* WORK INSTRUCTION *
The required output is the stretch from the line containing "Ceramic Tile, Digital" through the line containing "Costume creativo al" in the records below, unaltered and with no pictures.

* DATA TO EXAMINE *
========================

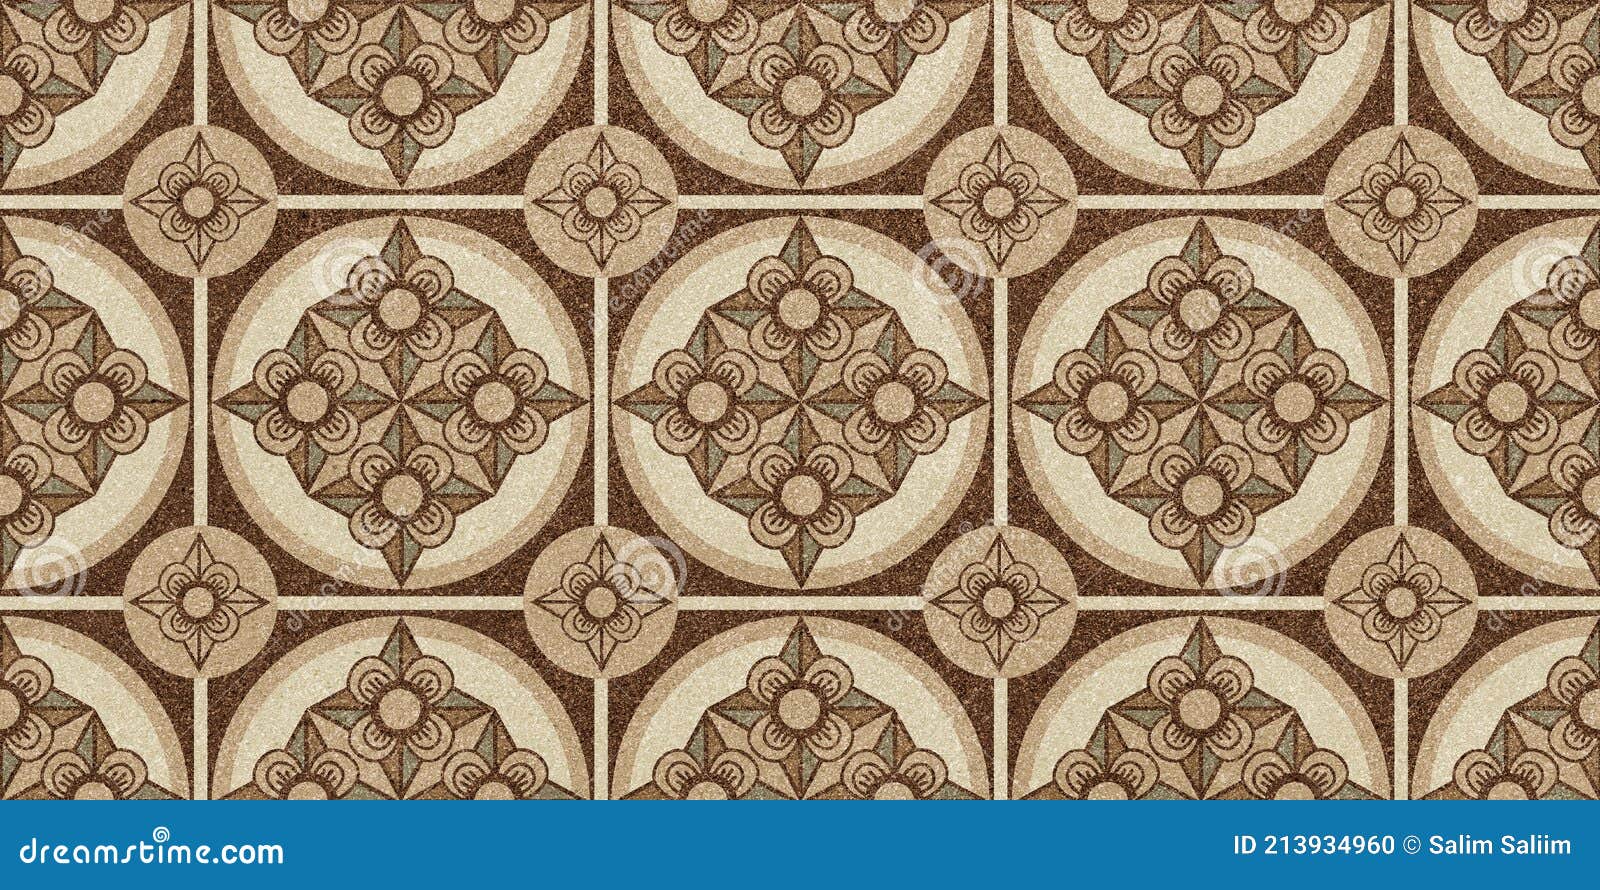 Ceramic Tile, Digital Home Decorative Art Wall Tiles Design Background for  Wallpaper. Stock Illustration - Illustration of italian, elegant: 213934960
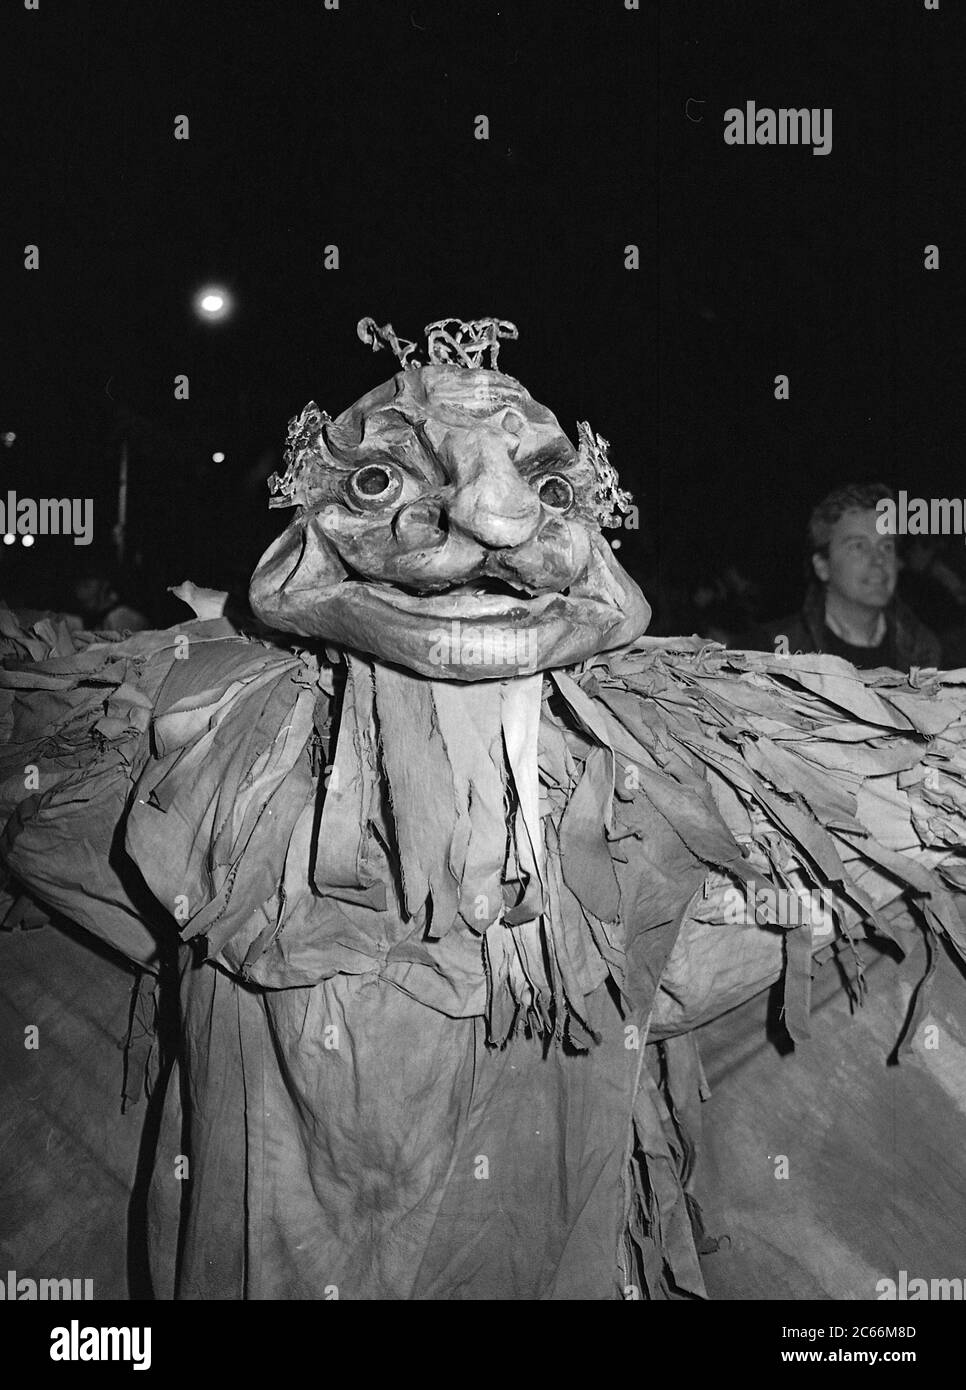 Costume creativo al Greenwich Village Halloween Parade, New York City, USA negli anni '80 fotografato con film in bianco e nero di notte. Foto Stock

========================

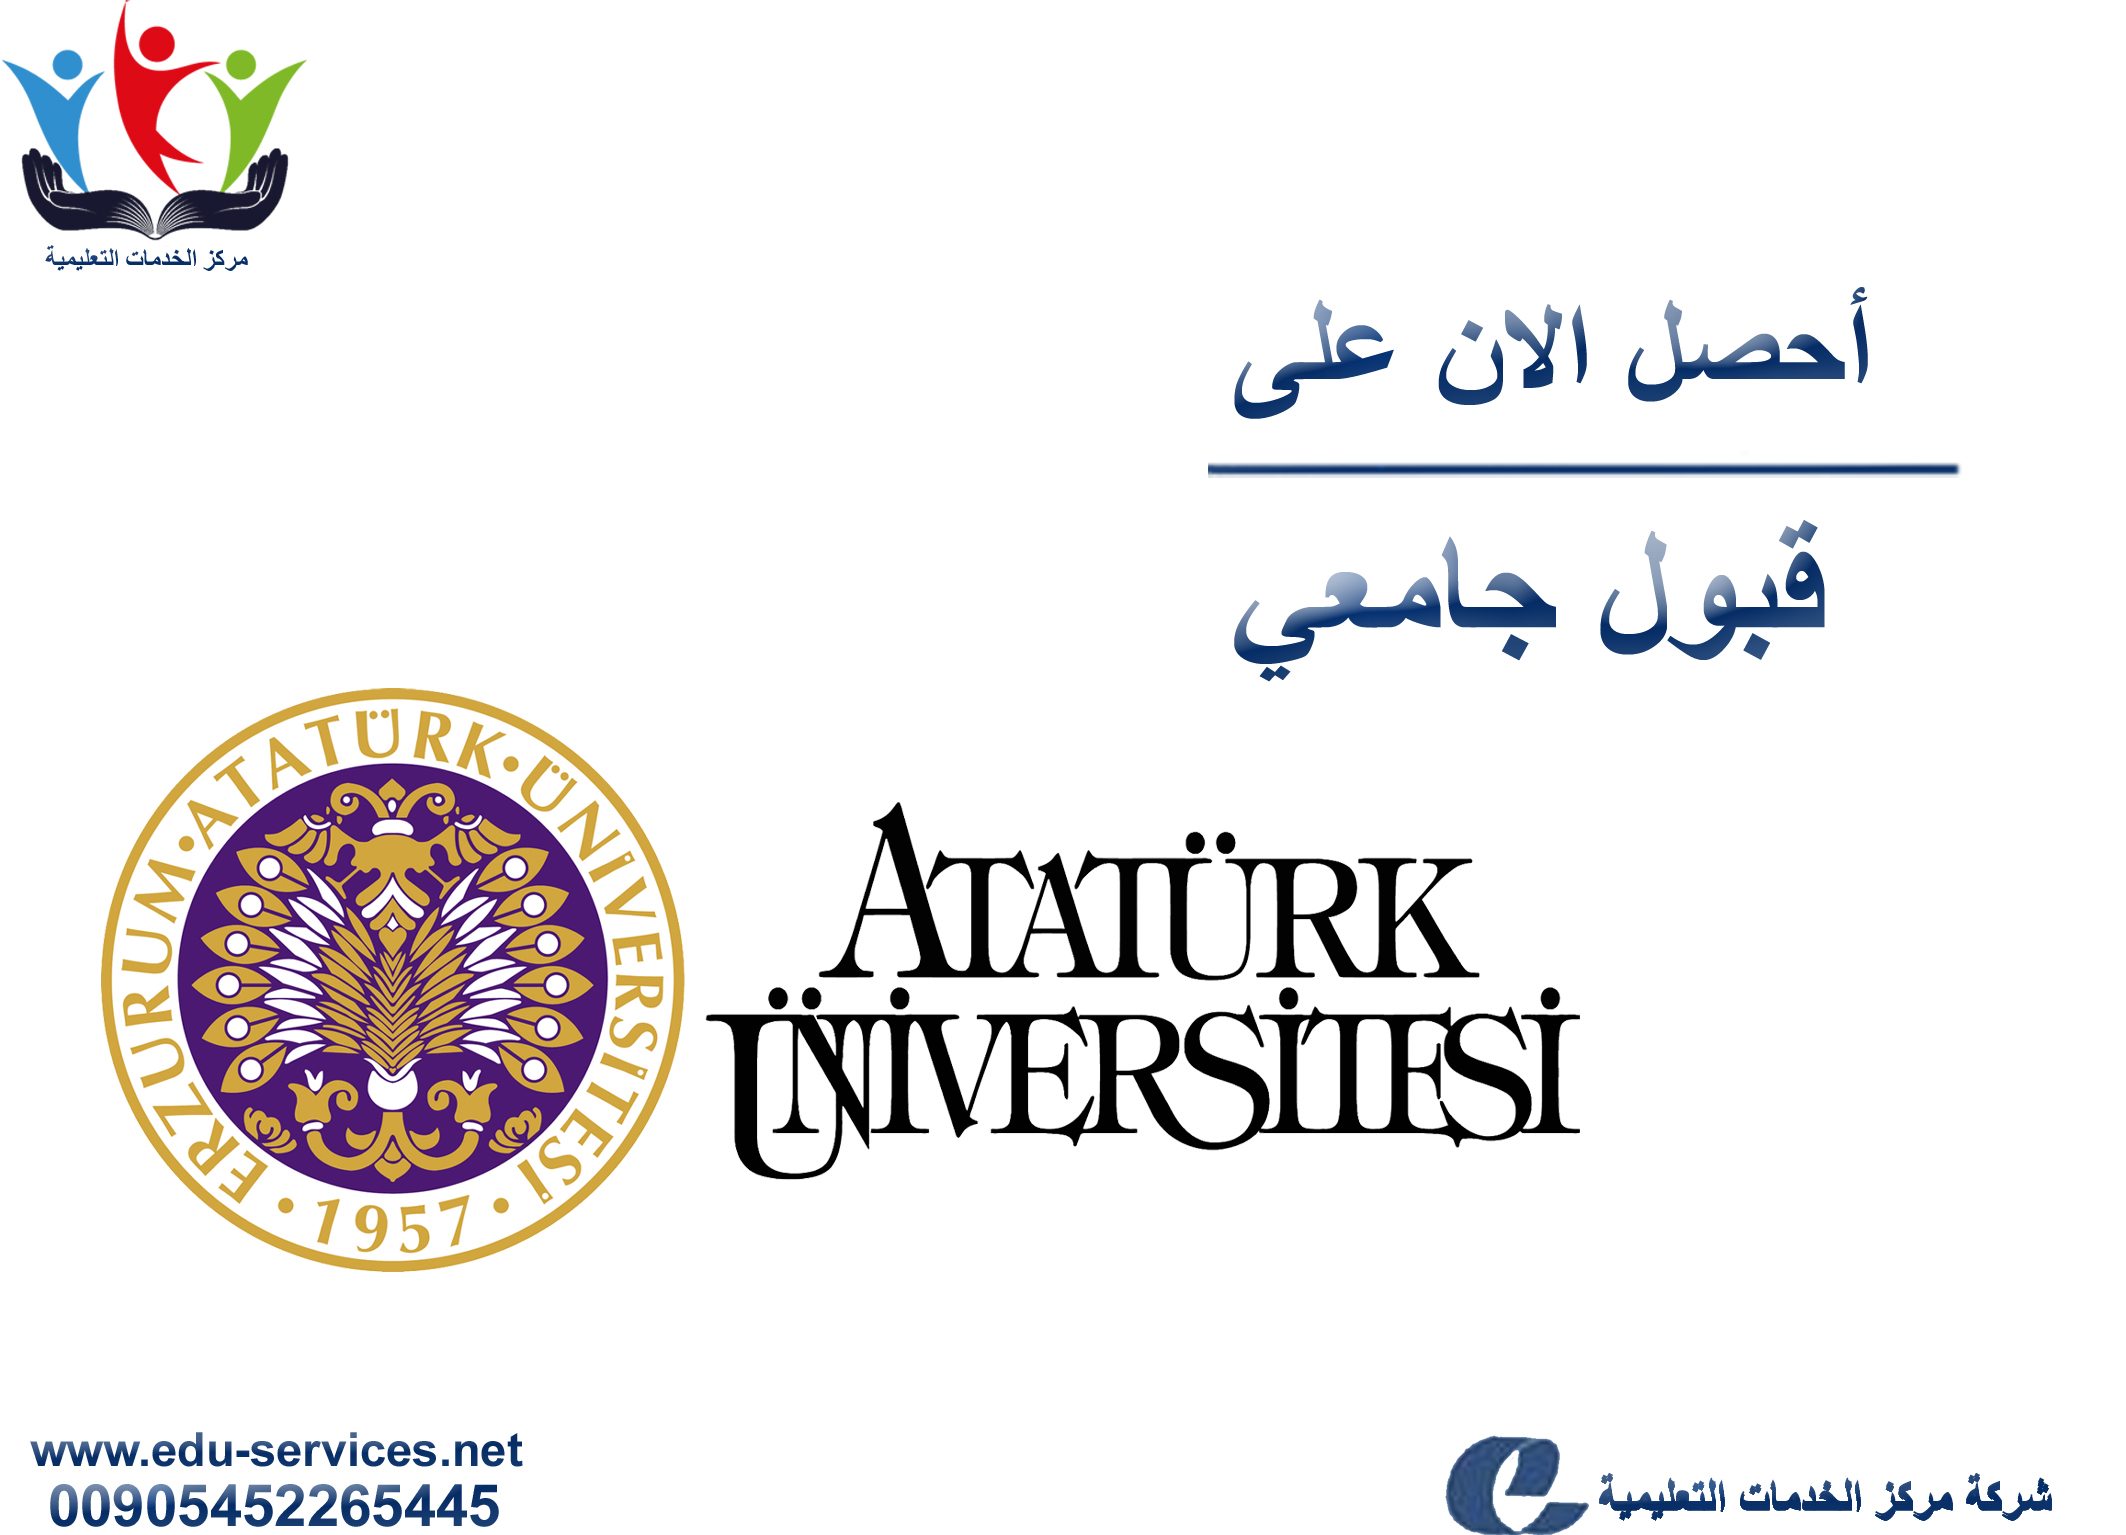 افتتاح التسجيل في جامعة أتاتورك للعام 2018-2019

========================

* PROBLEM SOLUTION *
 Ceramic Tile, Digital Home Decorative Art Wall Tiles Design Background for  Wallpaper. Stock Illustration - Illustration of italian, elegant: 213934960
 Costume creativo al Greenwich Village Halloween Parade, New York City, USA negli anni '80 fotografato con film in bianco e nero di notte. Foto Stock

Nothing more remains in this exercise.